**Directions for this task**
What you write must be the listing below in full, word for word, minus its pictures.

Data shown below:

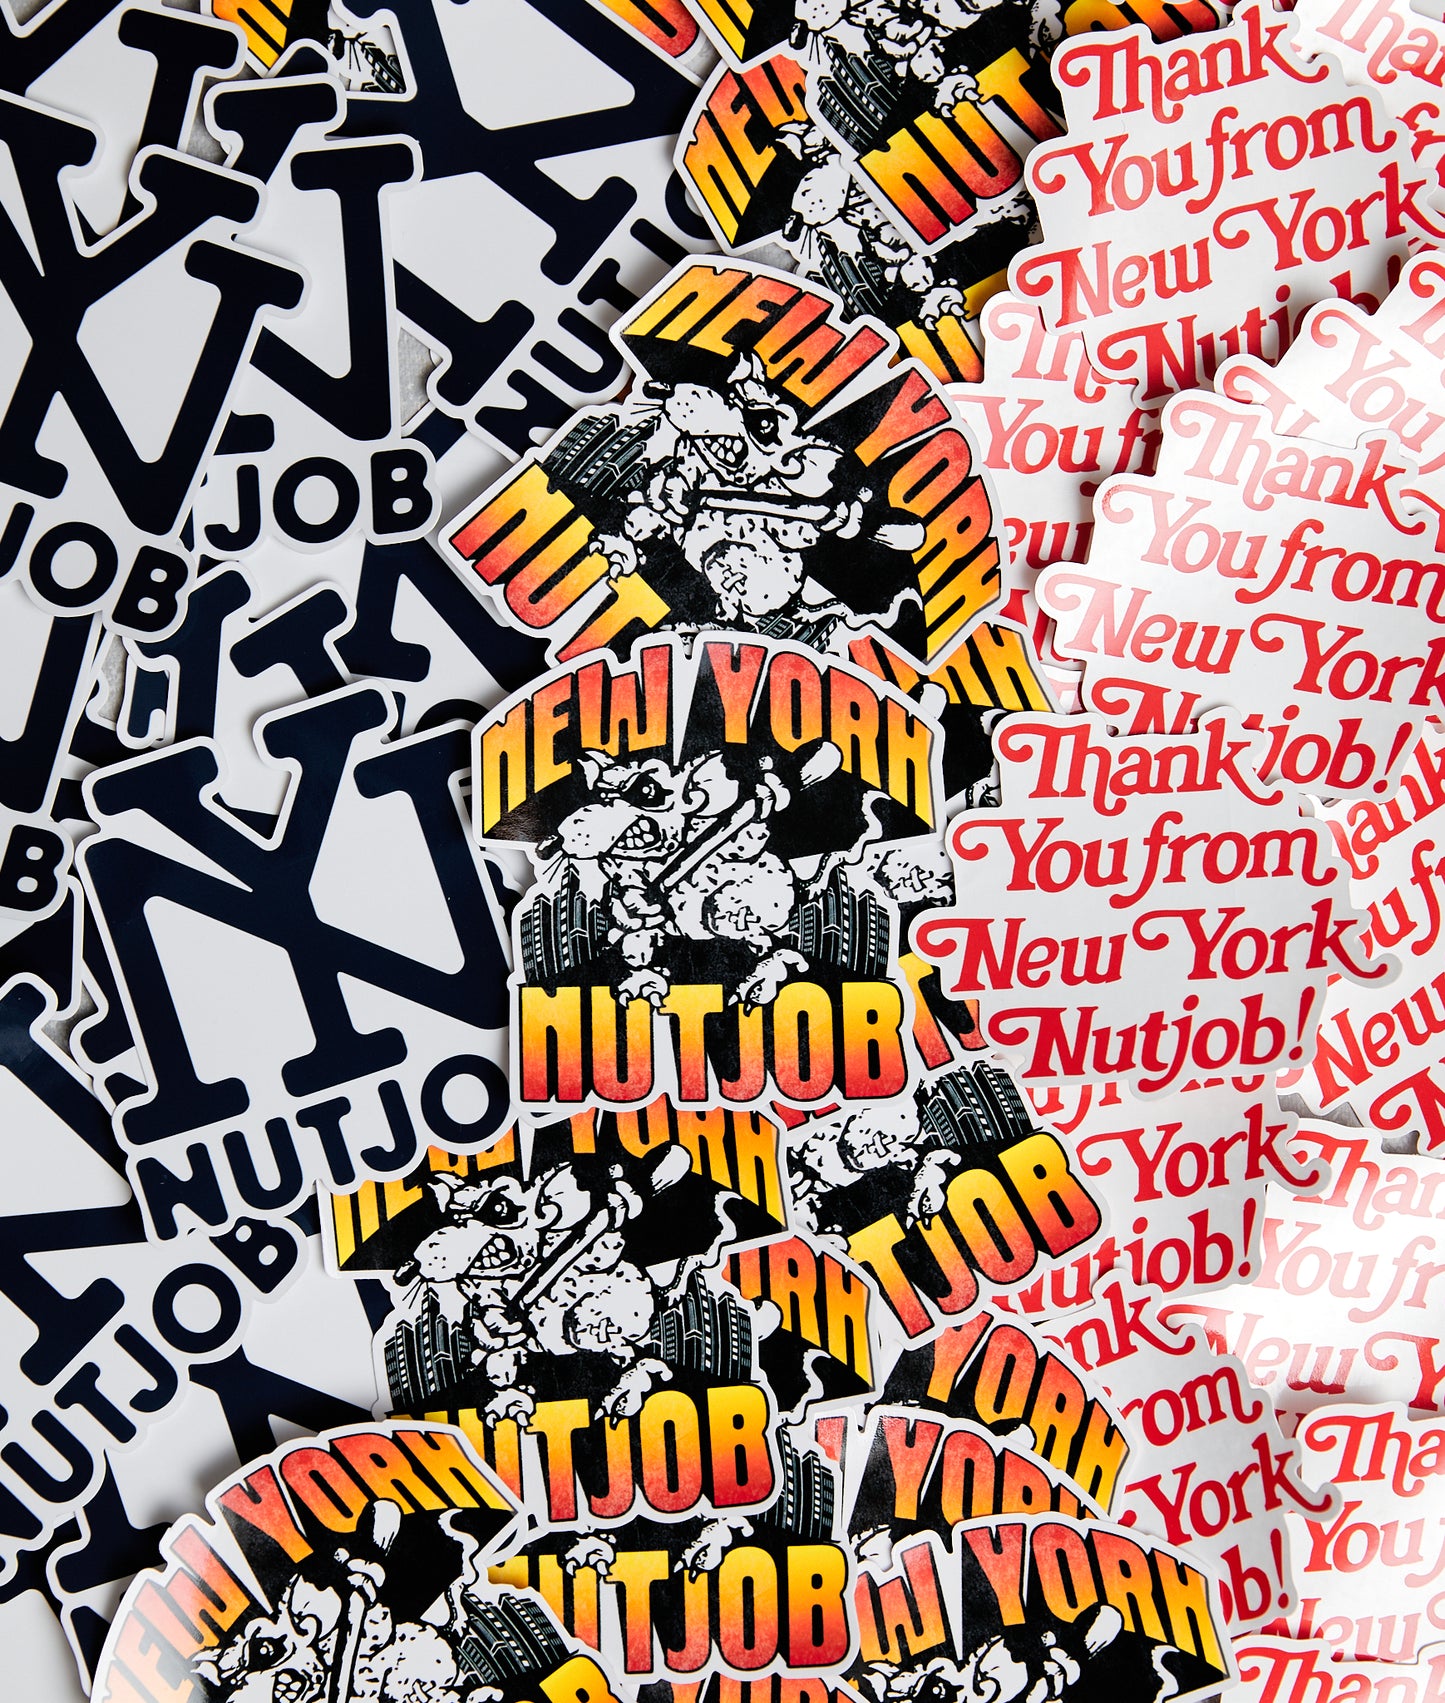 New York Nutjob Sticker Pack
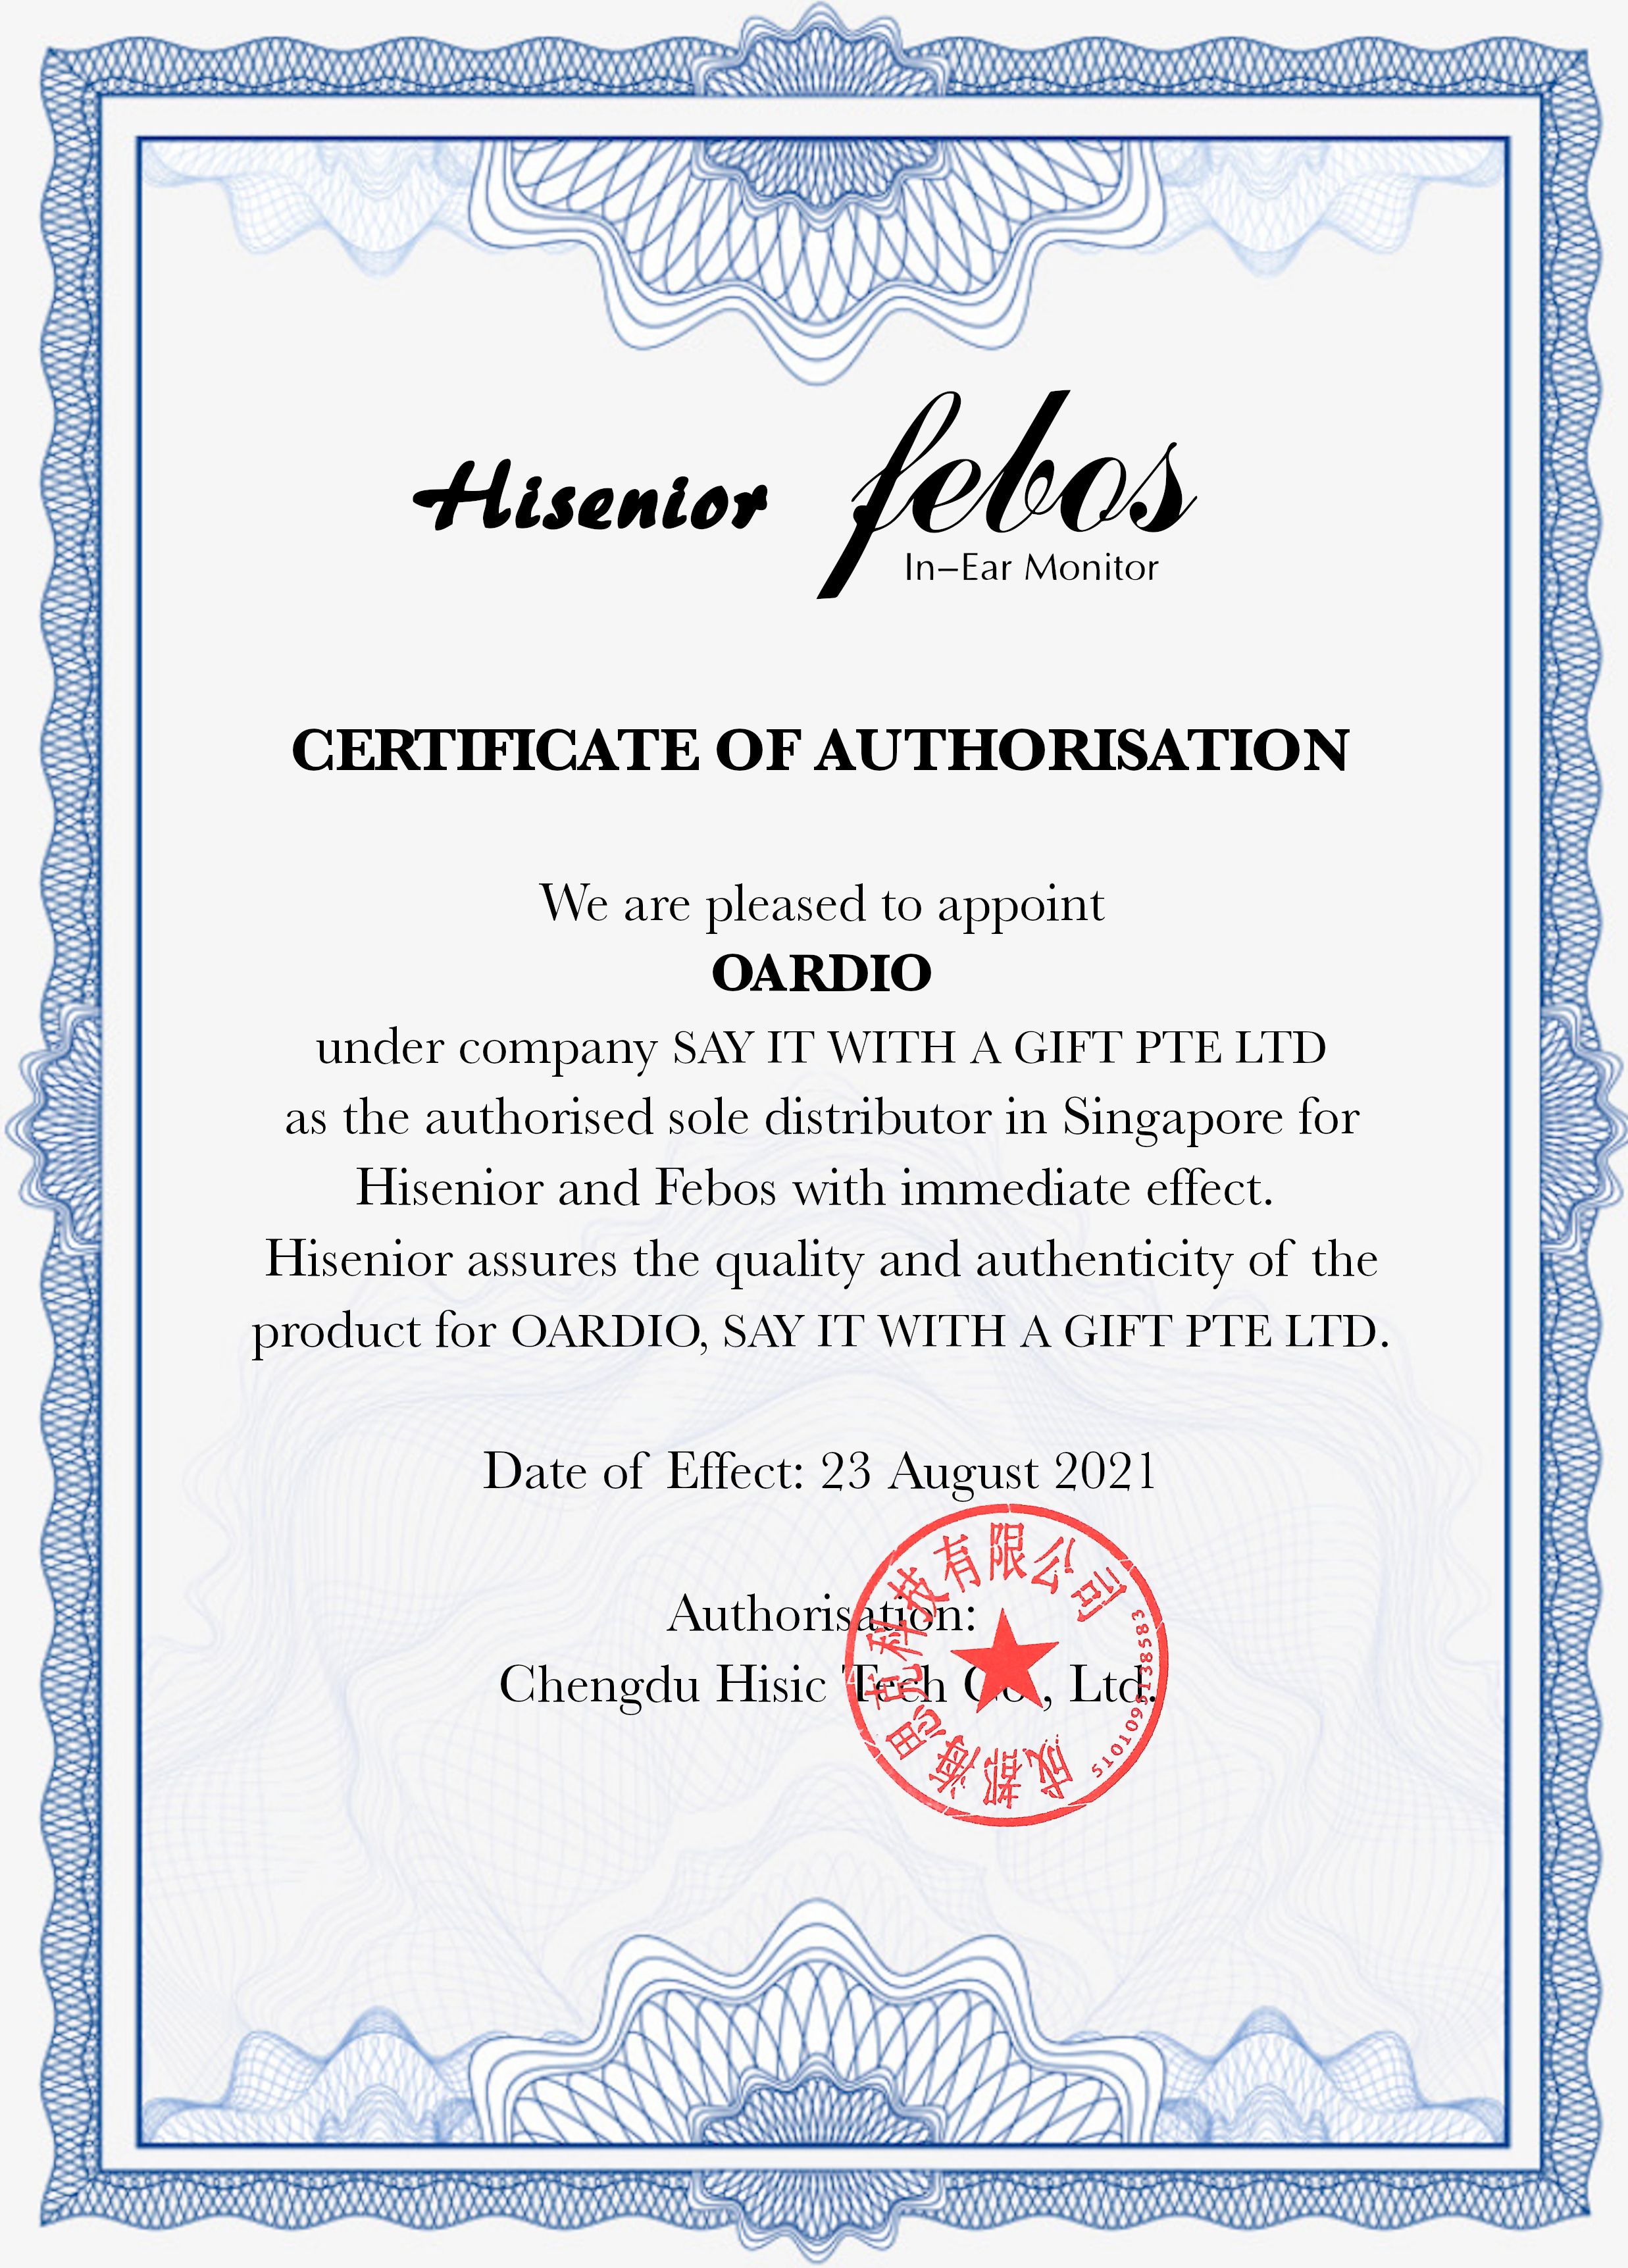 Hisenior Febos Singapore Sole Distributor Oardio Certificate of Authorisation
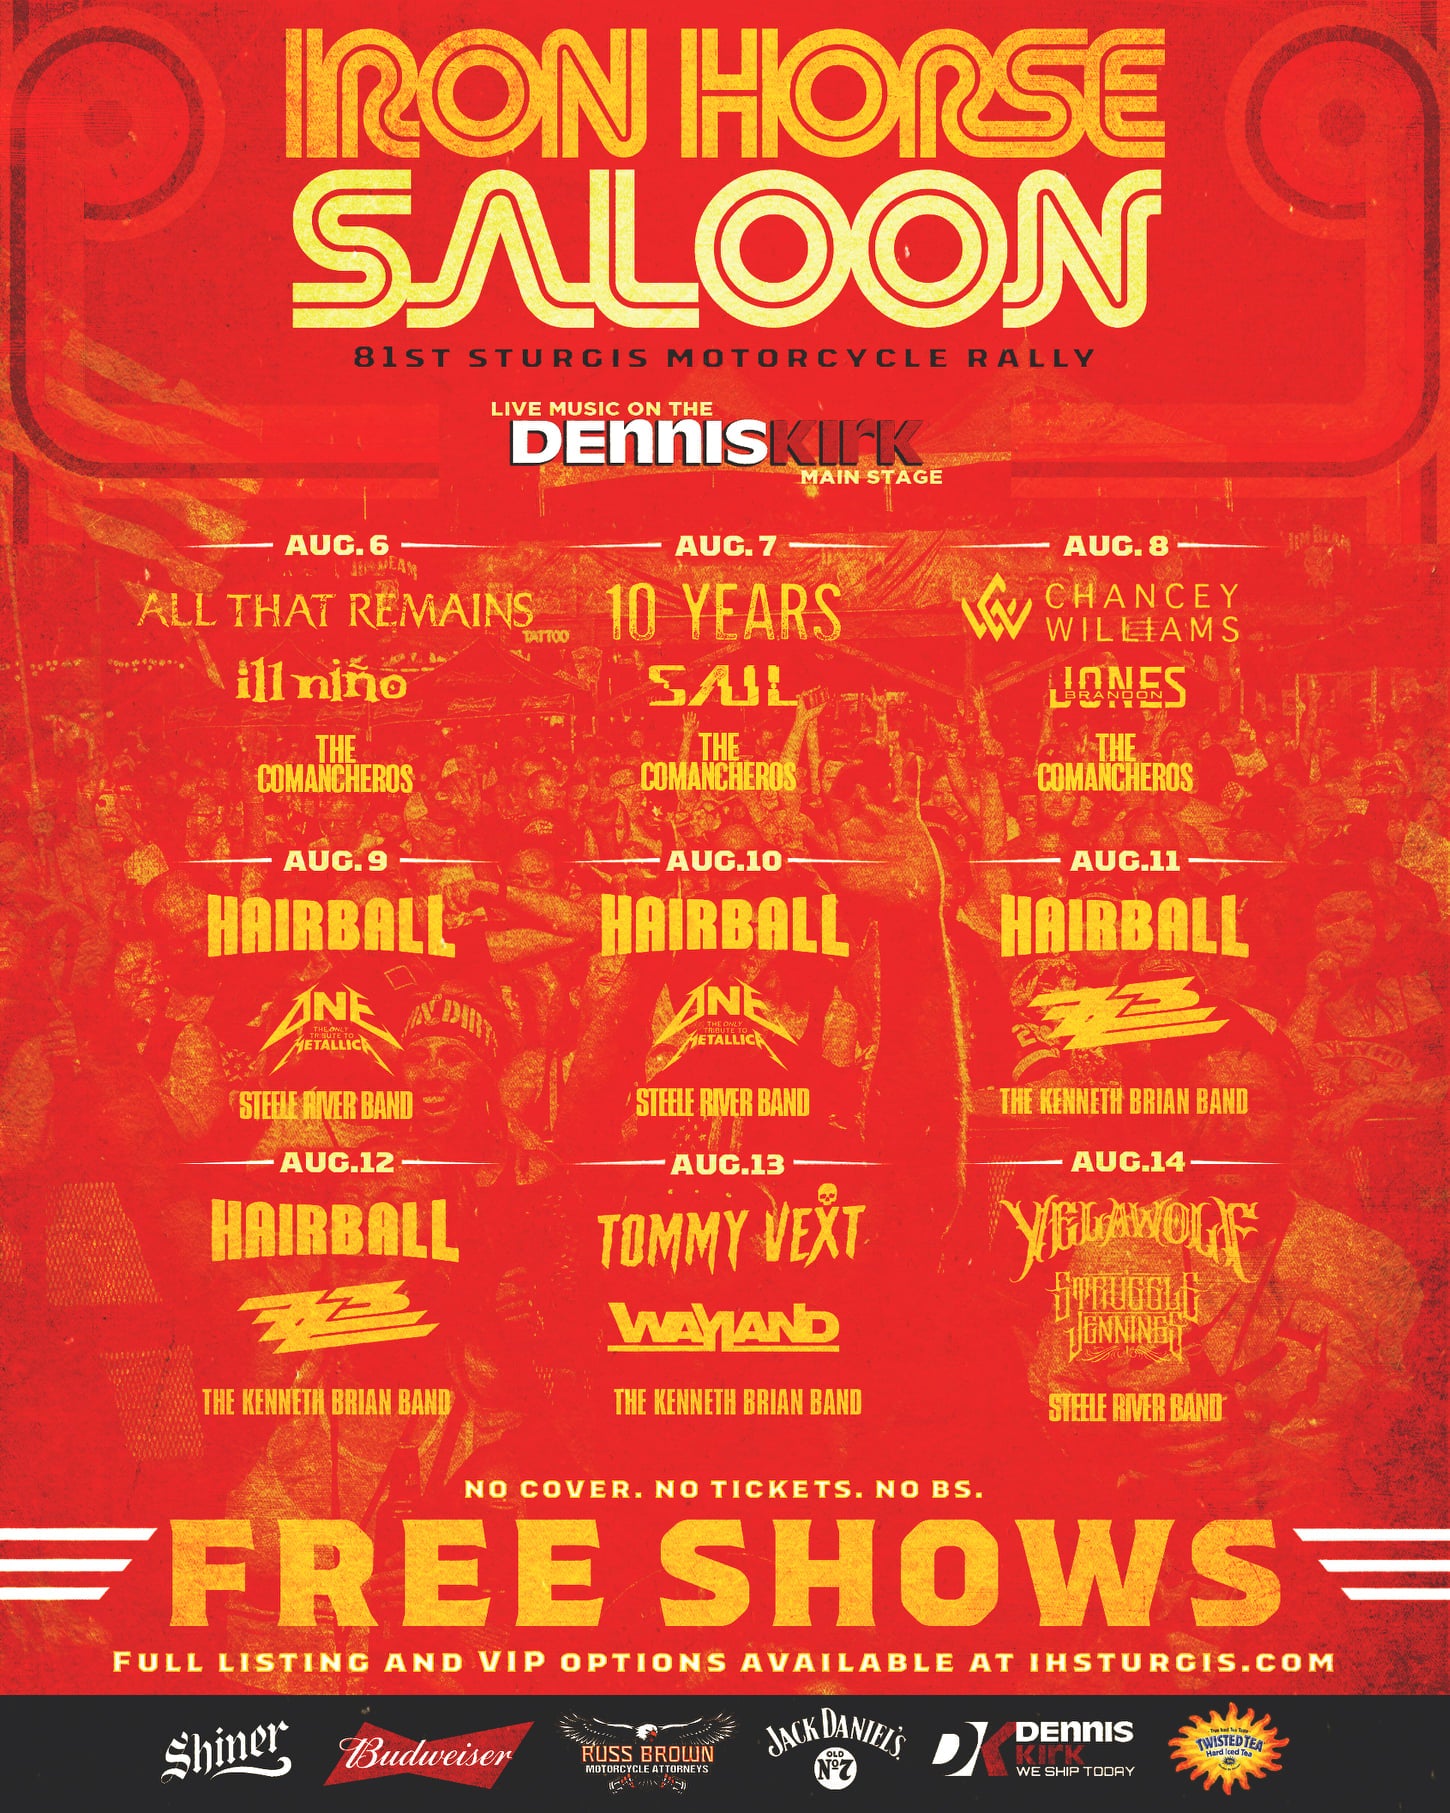 Sturgis Motorcycle Rally Concert Schedule Iron Horse Saloon Sturgis

End of Data shown.

**Written answer**
 New York Nutjob Sticker Pack
 Hisenior Febos Singapore Sole Distributor Oardio Certificate of Authorisation
 Sturgis Motorcycle Rally Concert Schedule Iron Horse Saloon Sturgis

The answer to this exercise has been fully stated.